Нет, Приюту не выжить. И тут он вздрагивает: темная отчетливая полоса тянется от Приюта к ним вдоль всего склона – примятая трава там, где они прошли. Бросается в глаза, выдает их путь с головой.
Что делать?
– Не беспокойся, – словно угадав его мысли, говорит Марика. – Я все поправлю…
Она присаживается на корточки, протягивает растопыренные ладони, шепчет негромко, ласково, поглаживает ими траву – и смятые былинки медленно выпрямляются, сломанные ости срастаются, вновь тянутся вверх, еще секунда – и никаких следов.
У Ивана перехватывает дыхание.
Ну – ведьма!
Настоящая ведьма!
Не зря о ней в Приюте шептались по всем углам.
И не случайно Василена (Иван видел сам) останавливала на ней задумчивый взгляд.
Ведьма!
Вслух он этого не говорит. Марика терпеть не может, когда ее так называют. И вообще – поскорей бы укрыться в лесу! Теперь руководство она берет на себя. Ведь не зря же именуется – Ведьмин лес.
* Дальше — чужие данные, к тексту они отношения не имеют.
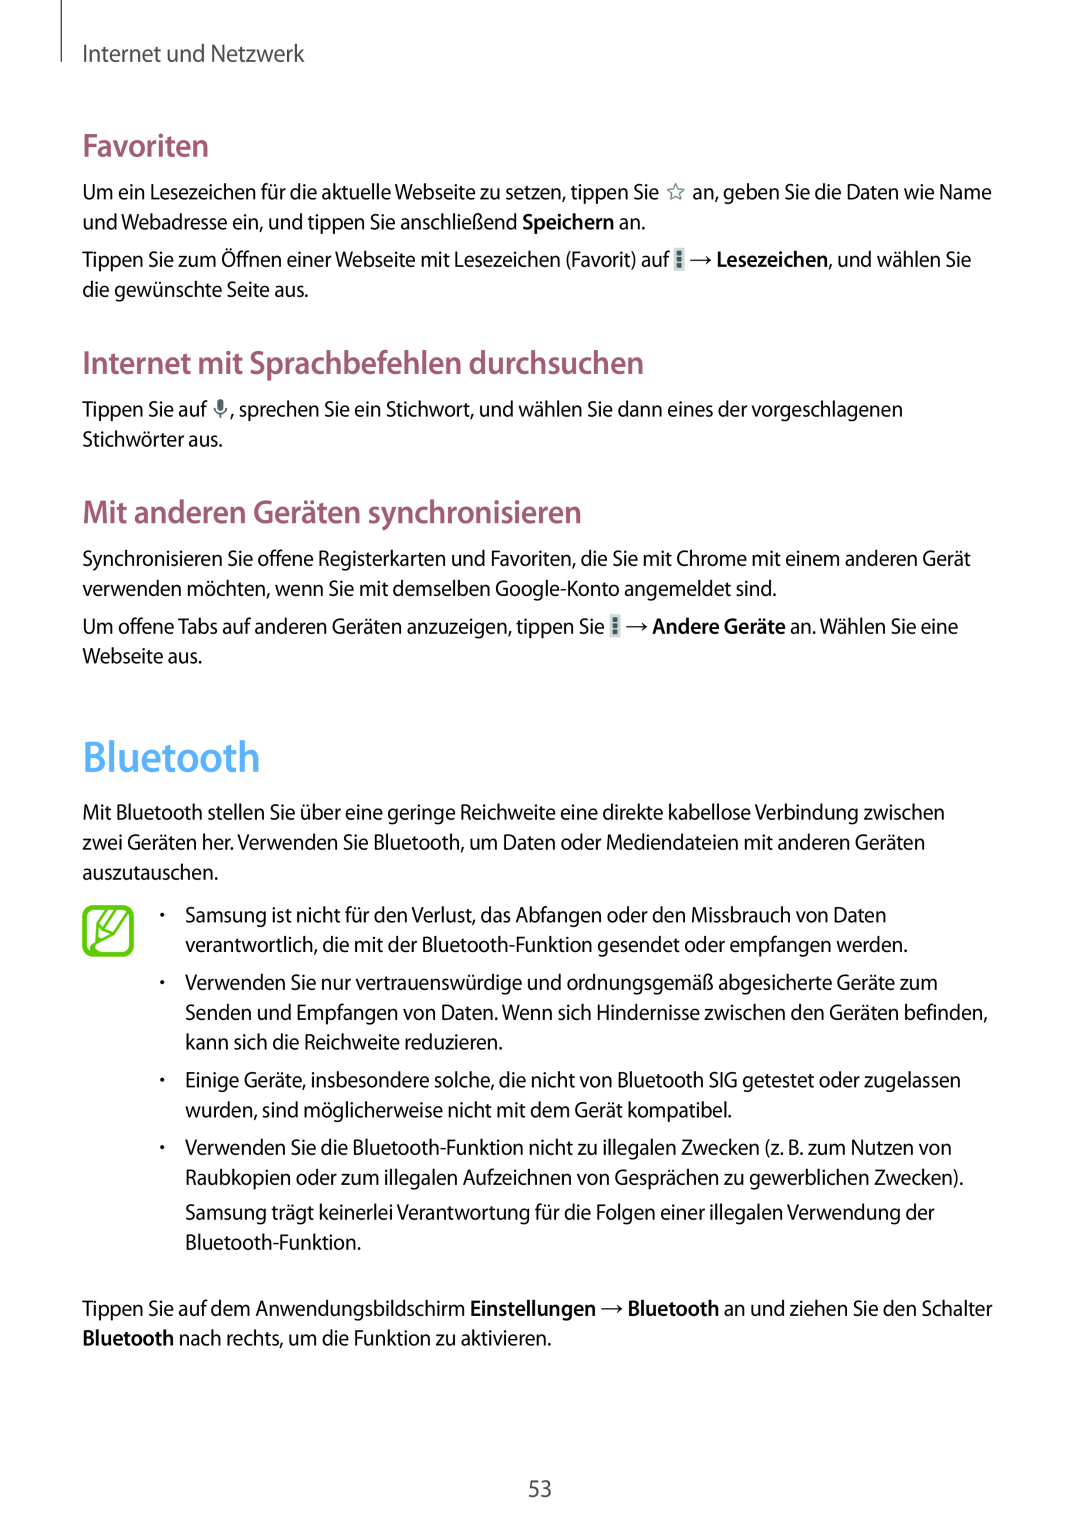 Samsung GT-P5220ZWADBT Bluetooth, Mit anderen Geräten synchronisieren, Favoriten, Internet mit Sprachbefehlen durchsuchen

Они ныряют в еловый сумрак, припахивающий грибами, разогретыми смоляными потеками, сырой землей, перепрыгивают через вязкий ручей, огибают страшноватый, поросший сизыми лишайниками бурелом. Впереди – просвет, солнечная поляна, и вдруг Марика останавливается так внезапно, что Иван чуть не сшибает ее.
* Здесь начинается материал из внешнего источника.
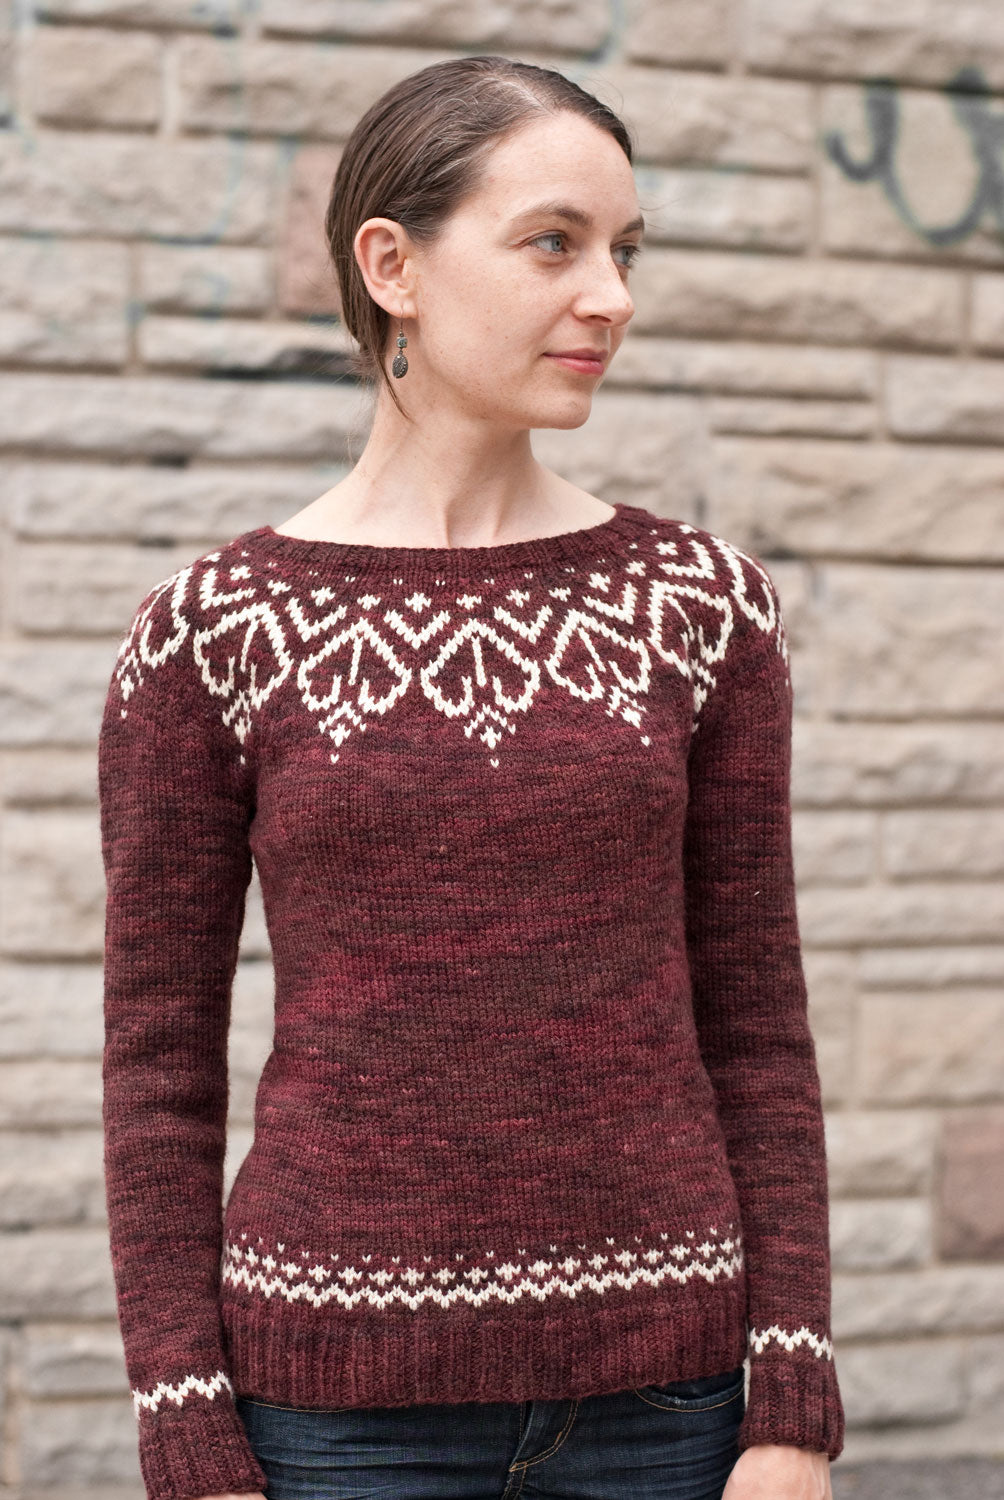 Adelpha sweater knitting pattern - Sweet Paprika Designs

Перед ними – потрясающая картина. На опушке, подрагивая на пружинистых лапах, изготовился к прыжку здоровенный Йернод. Он именно такой, как его описывали – в темной спальне, после отбоя, пугая на ночь друг друга леденящими кровь историями: голая кожа с разбросанными по ней подпалинами, кошачья усатая морда, хищные зубы, между которыми мечется тонкий язык. Яростью горят странные фиолетовые глаза, даже светятся, поскольку на поляну ложится тень от плотного облака. Ростом Йернод примерно Ивану по грудь, вздулись на лапах мускулы – сейчас последует смертельный рывок. А на другой стороне опушки, наверное, только-только свернув с поля в лес, замер крестьянский парень: соломенные, охапкой, волосы, ситцевая рубаха, перехваченная ремнем, заплатанные на коленях штаны. Парень беззвучно, как рыба, разевает щербатый рот, пытаясь выдавить крик, рвущийся изнутри, и мелко подрагивает, как бы намереваясь бежать. Однако с места не сходит. Все верно: Йерноду достаточно глянуть человеку в глаза, и тот обмирает от страха, шевельнуться не может.
Зато низкий, как от басовой струны, длинный звук начинает вибрировать в горле Марики. Натягиваются жилы на шее. Впрочем, она тут же справляется с судорогой и, не оборачиваясь, шелестит:
– Стой!.. Замри!.. Ни слова!.. Не двигайся!.. Не шевелись!..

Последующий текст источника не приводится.